Charge-Dipole Acceleration of Polar Gas Molecules towards Charged Nanoparticles: Involvement in Powerful Charge-Induced Catalysis of Heterophase Chemical Reactions and Ball Lightning Phenomenon

Wing Ltd Company, 33 French Boulevard, 65000, Odessa, Ukraine

Received 27 July 2010; Revised 6 November 2010; Accepted 10 November 2010

Academic Editor: Donglu Shi

Copyright © 2010 Oleg Meshcheryakov. This is an open access article distributed under the Creative Commons Attribution License, which permits unrestricted use, distribution, and reproduction in any medium, provided the original work is properly cited.

Abstract

In humid air, the substantial charge-dipole attraction and electrostatic acceleration of surrounding water vapour molecules towards charged combustible nanoparticles cause intense electrostatic hydration and preferential oxidation of these nanoparticles by electrostatically accelerated polar water vapour molecules rather than nonaccelerated nonpolar oxygen gas molecules. Intense electrostatic hydration of charged combustible nanoparticles converts the nanoparticle's oxide-based shells into the hydroxide-based electrolyte shells, transforming these nanoparticles into reductant/air core-shell nanobatteries, periodically short-circuited by intraparticle field and thermionic emission. Partially synchronized electron emission breakdowns within trillions of nanoparticles-nanobatteries turn a cloud of charged nanoparticles-nanobatteries into a powerful radiofrequency aerosol generator.

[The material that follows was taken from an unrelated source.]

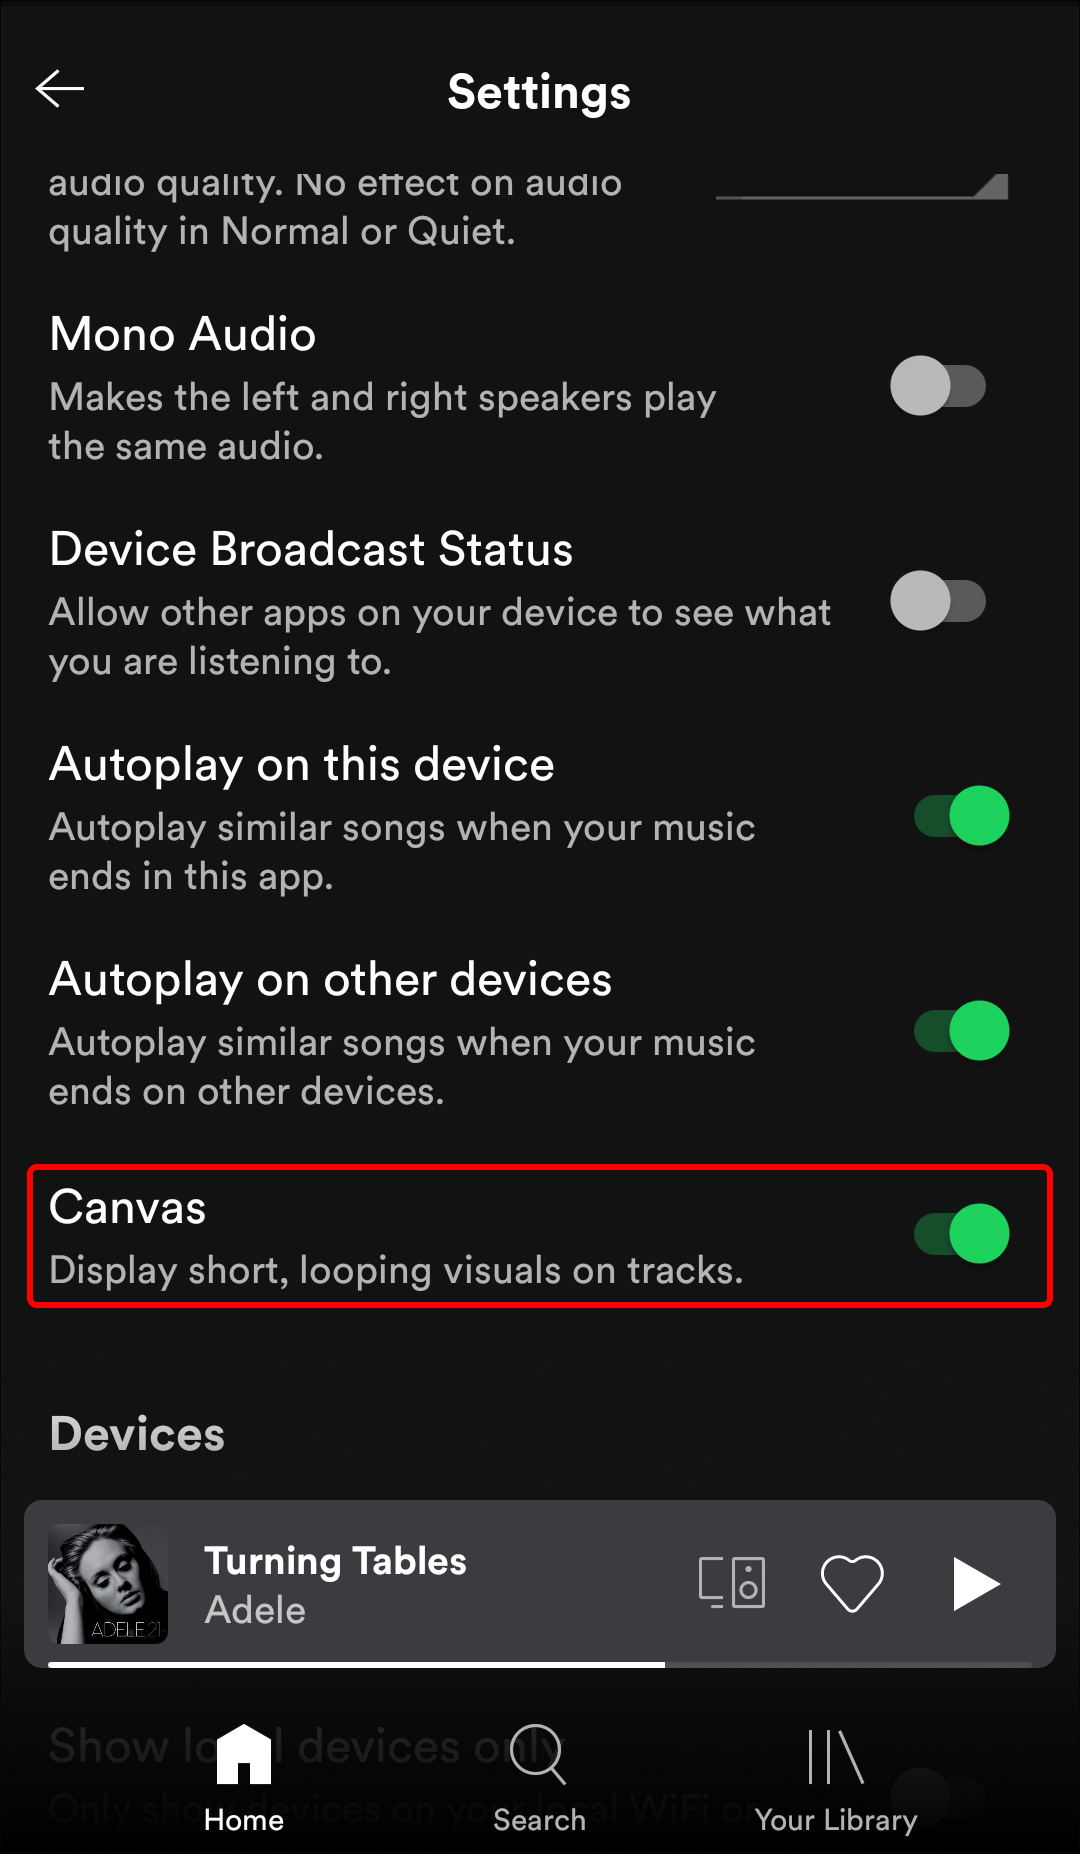 Bạn muốn kích hoạt hoặc vô hiệu hóa tính năng canvas trong ứng dụng Spotify? Cách thực hiện sẽ giúp bạn dễ dàng tùy chỉnh âm nhạc theo phong cách của riêng mình. Hãy xem hướng dẫn để tận dụng tính năng tuyệt vời này trong ứng dụng của bạn.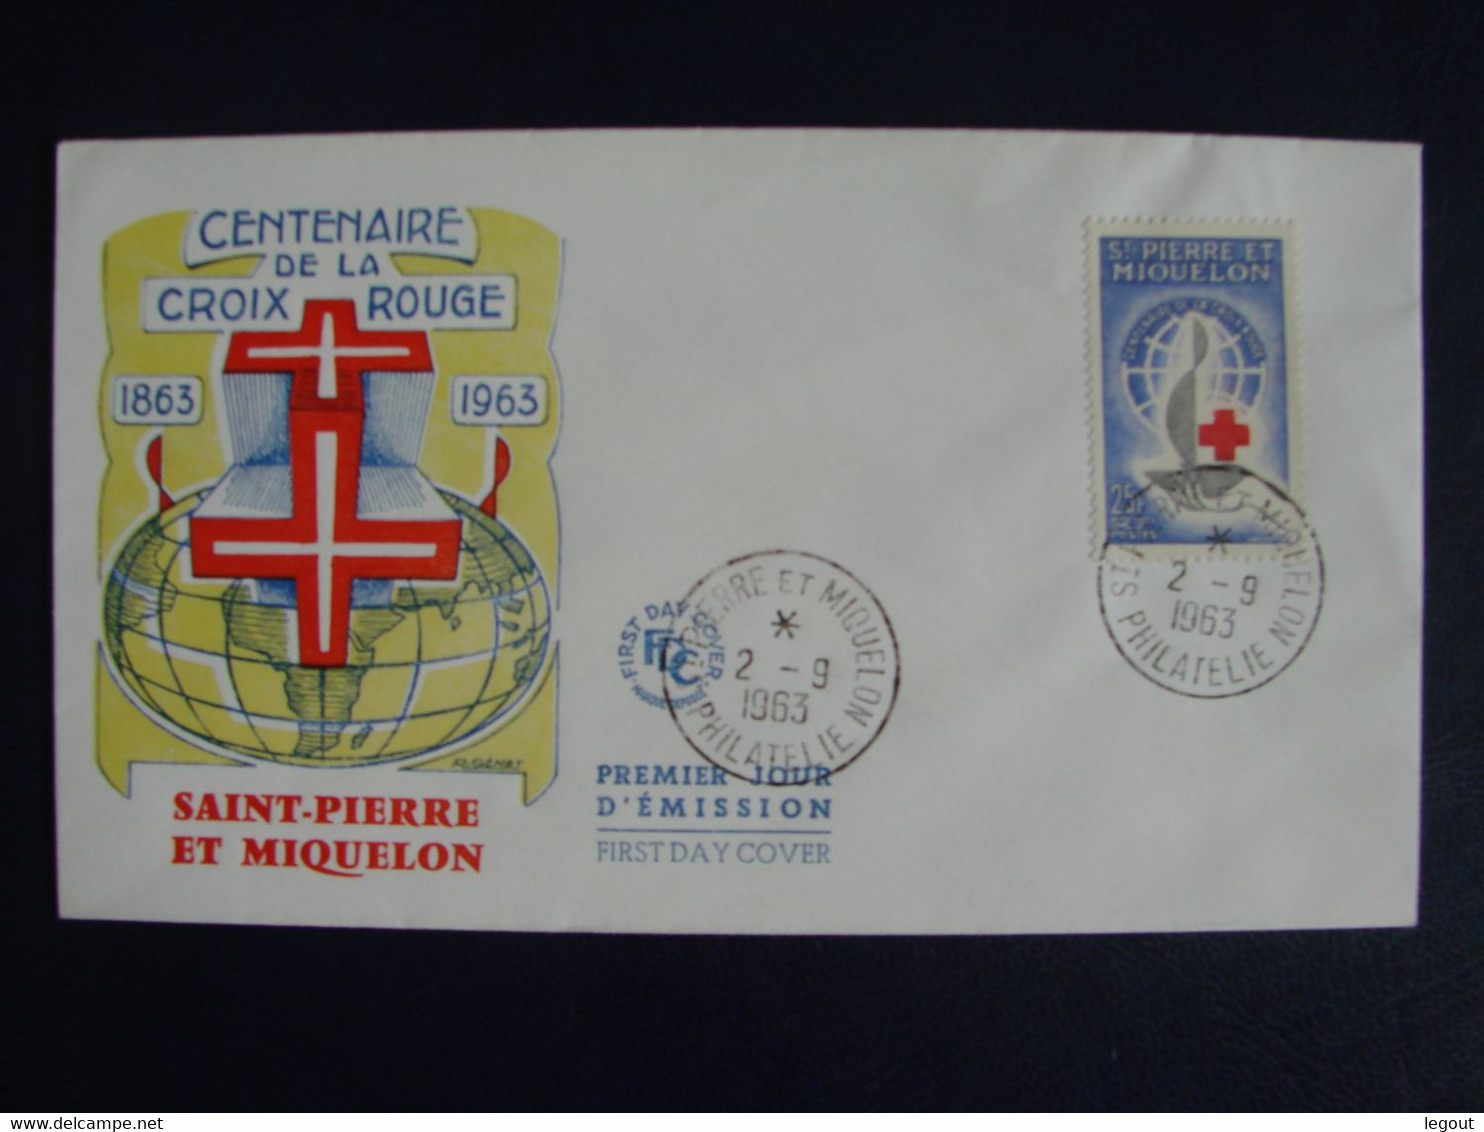 SPM/SAINT PIERRE ET MIQUELON 1er Jour/ FDC CENTEANIRE CROIX ROUGE  COTE FARCIGNY 15€ - Covers & Documents

Electrostatic oxidative hydration and charge-catalyzed oxidation of charged combustible nanoparticles also contribute to a self-oscillating thermocycling process of evolution and periodic autoignition of inflammable gases near to the nanoparticle's surface. The described effects might be of interest for the improvement of certain nanotechnological heterophase processes and to better understand ball lightning phenomenon.